# Provided records:
■ ■ ■ ■ ■
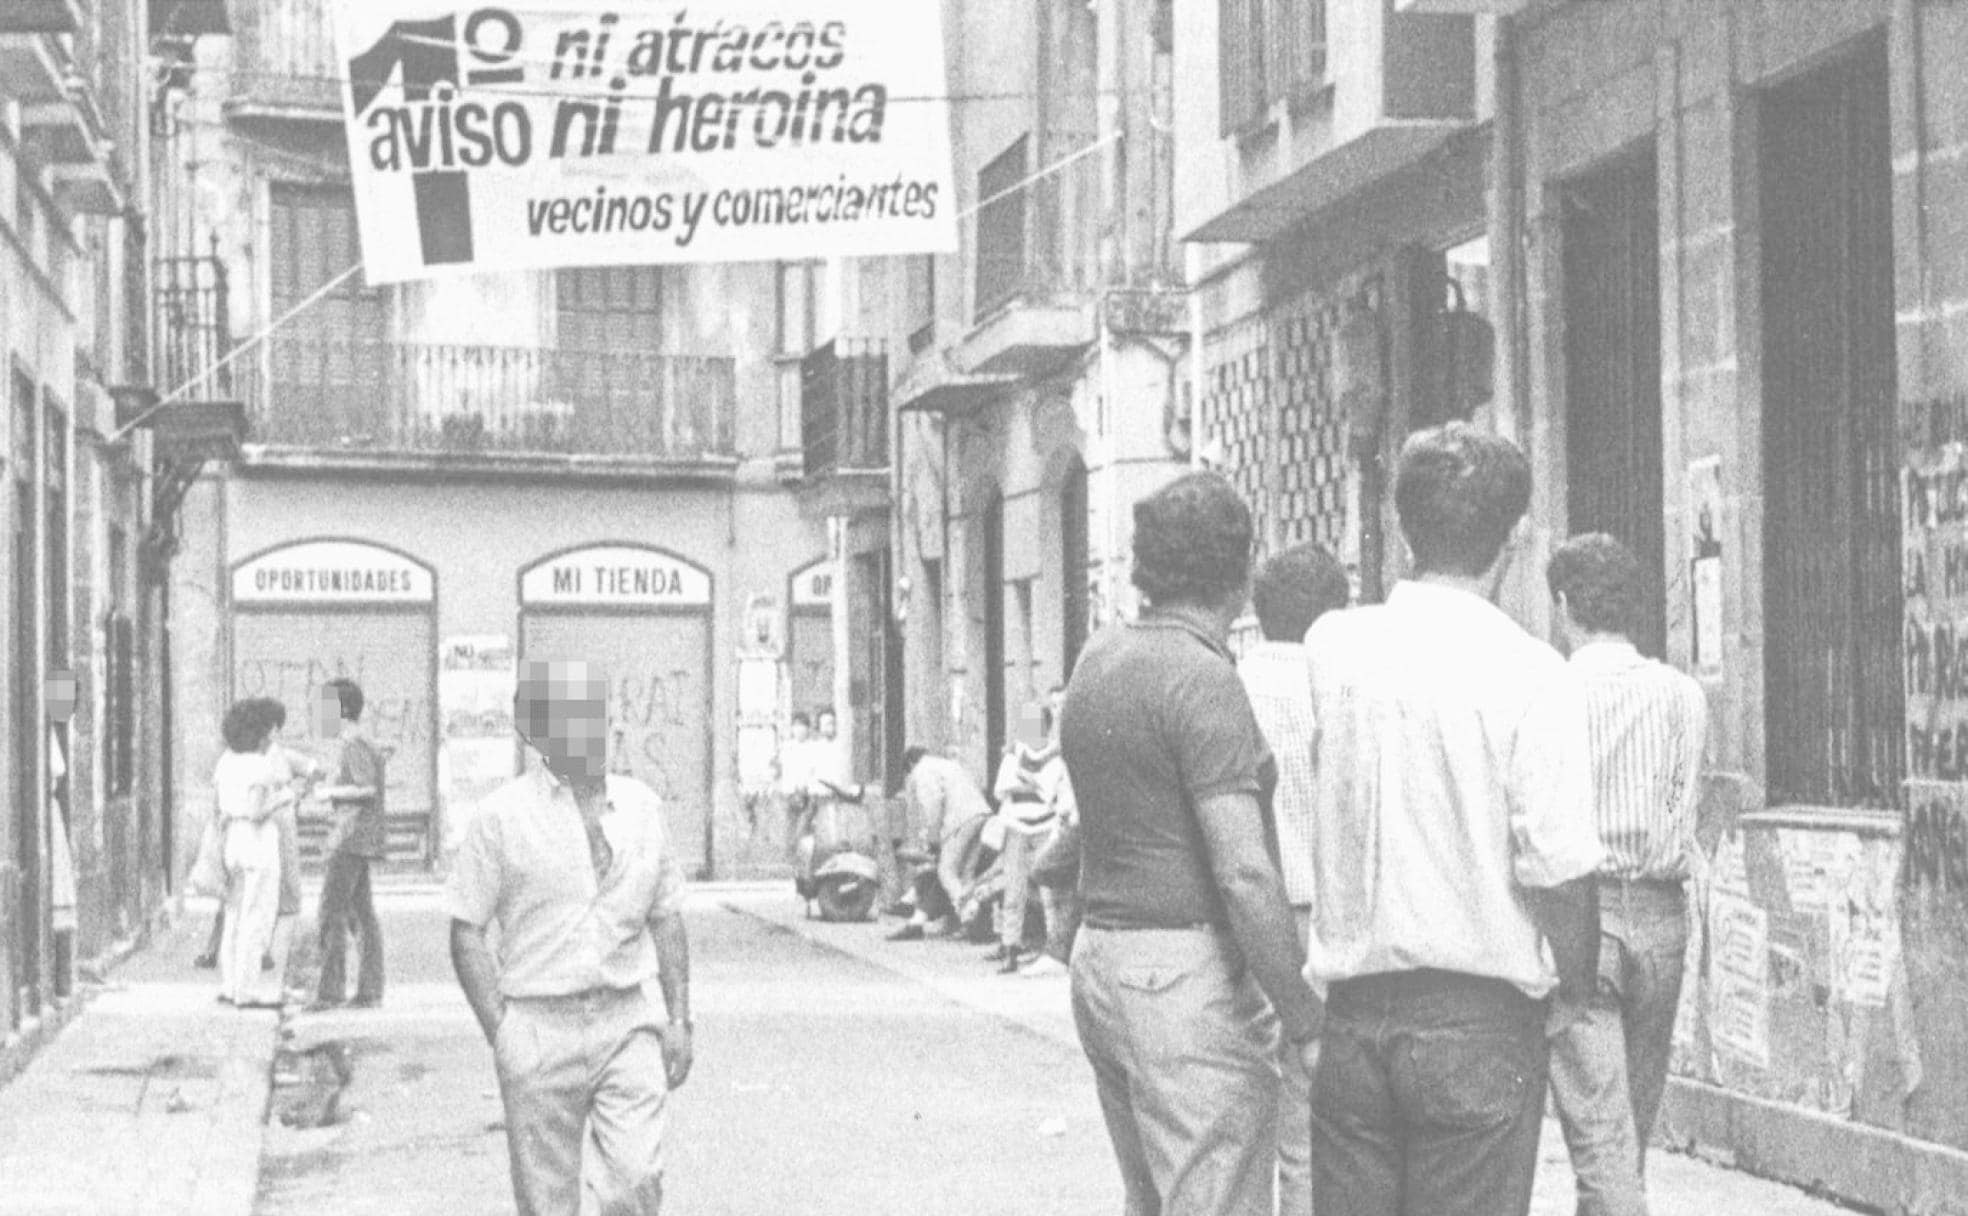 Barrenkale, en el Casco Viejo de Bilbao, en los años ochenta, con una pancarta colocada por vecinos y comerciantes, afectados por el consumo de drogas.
■ ■ ■ ■ ■
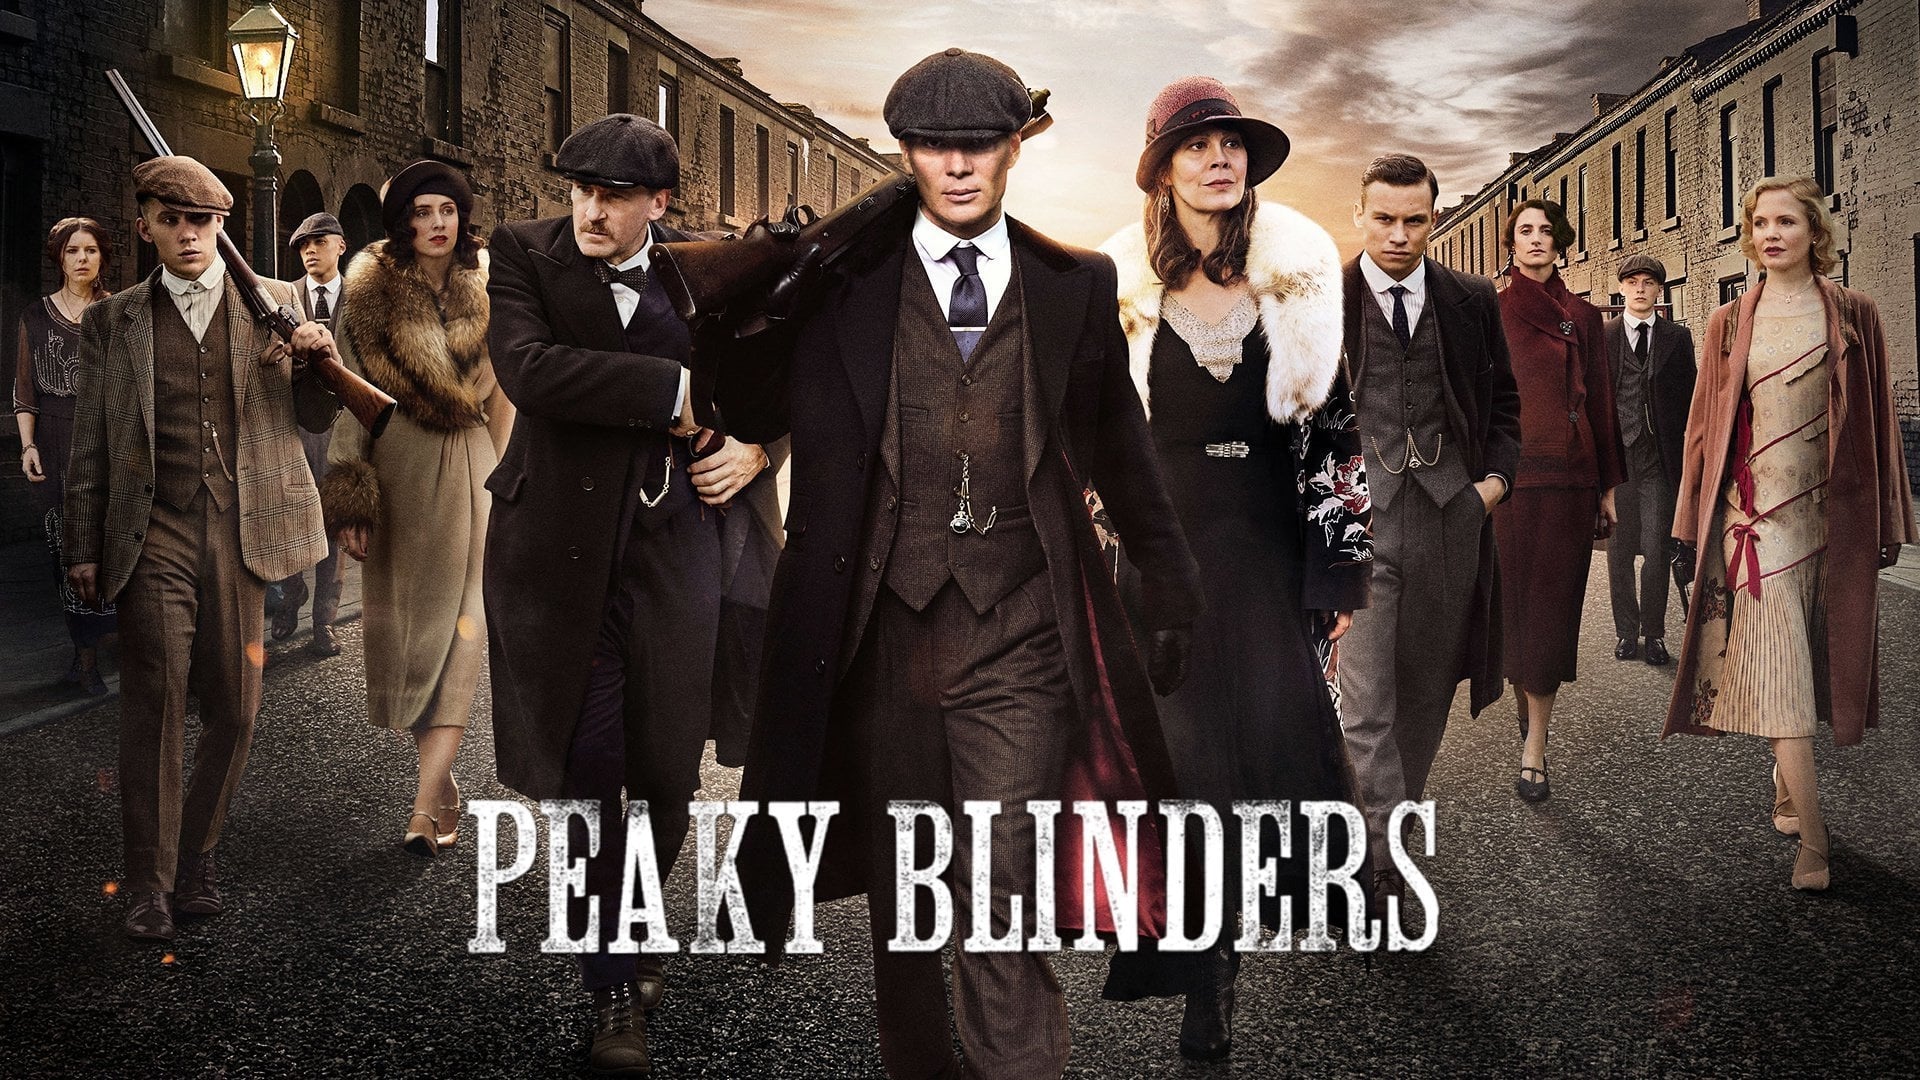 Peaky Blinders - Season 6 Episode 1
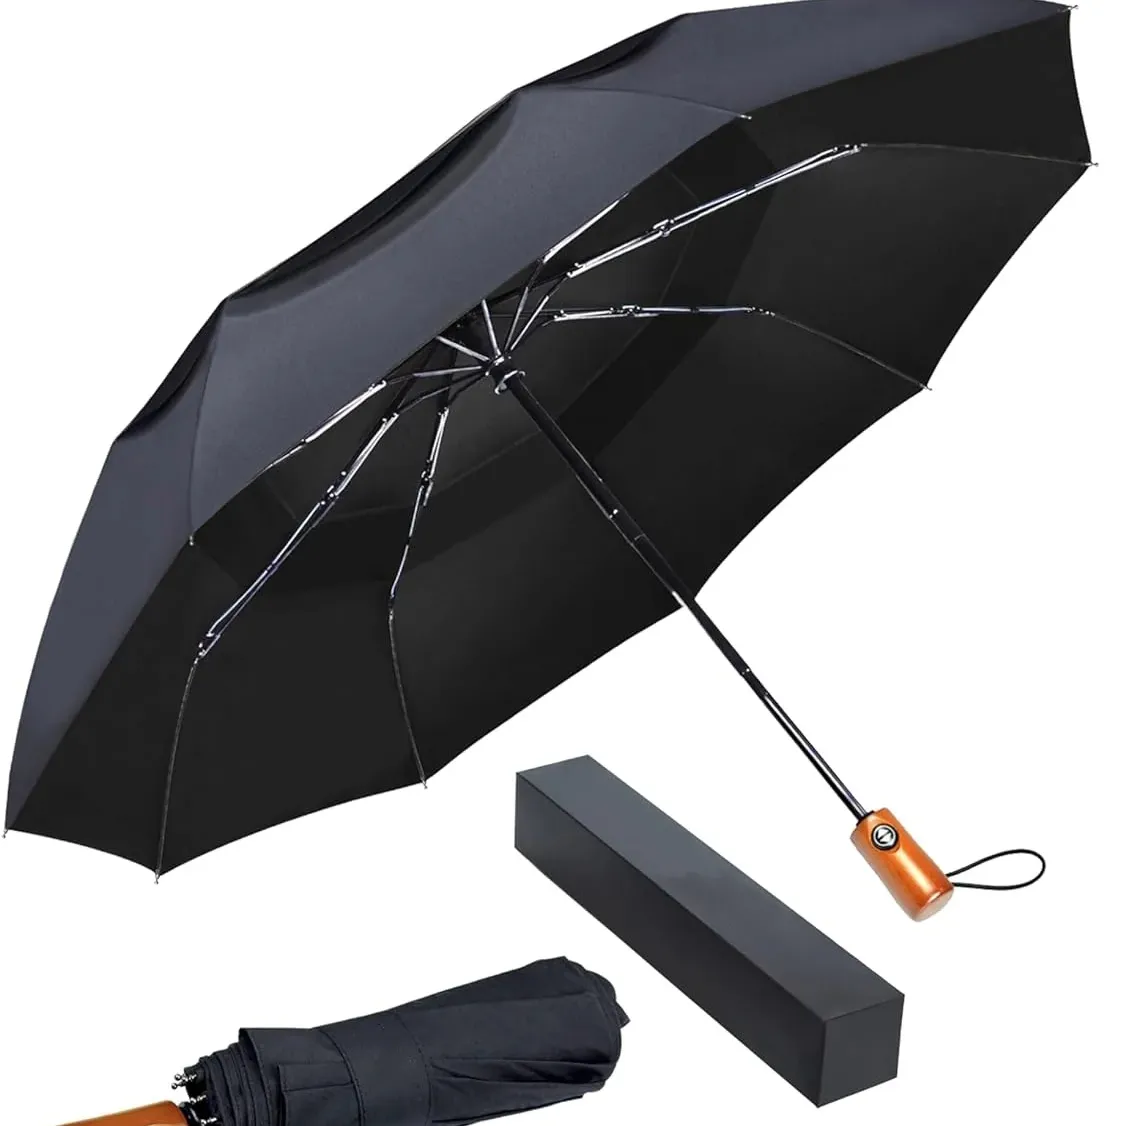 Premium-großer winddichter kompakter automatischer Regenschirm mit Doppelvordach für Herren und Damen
■ ■ ■ ■ ■
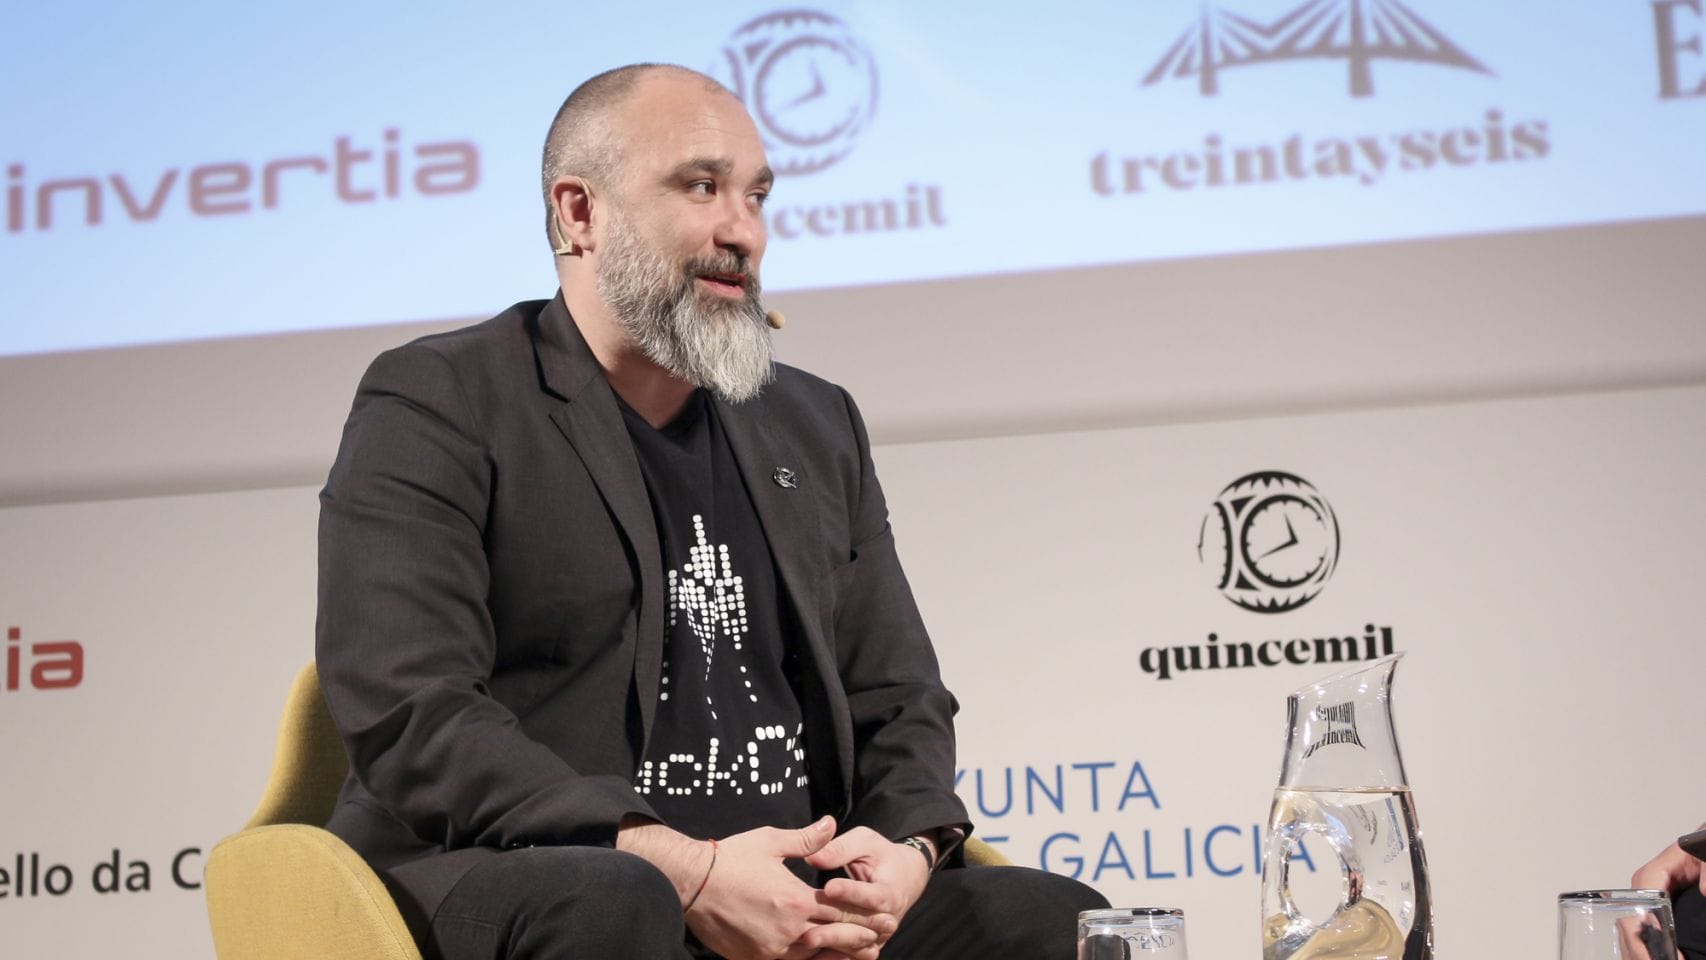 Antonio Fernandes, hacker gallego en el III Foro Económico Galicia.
■ ■ ■ ■ ■
# Exercise directions:
Everything above from the line containing "Peaky Blinders - Season 6 Episode 1" through the line containing "Premium-großer winddichter kompakter" must be repeated exactly, and the pictures must be left out.

# Result of this task:
 Peaky Blinders - Season 6 Episode 1
 Premium-großer winddichter kompakter automatischer Regenschirm mit Doppelvordach für Herren und Damen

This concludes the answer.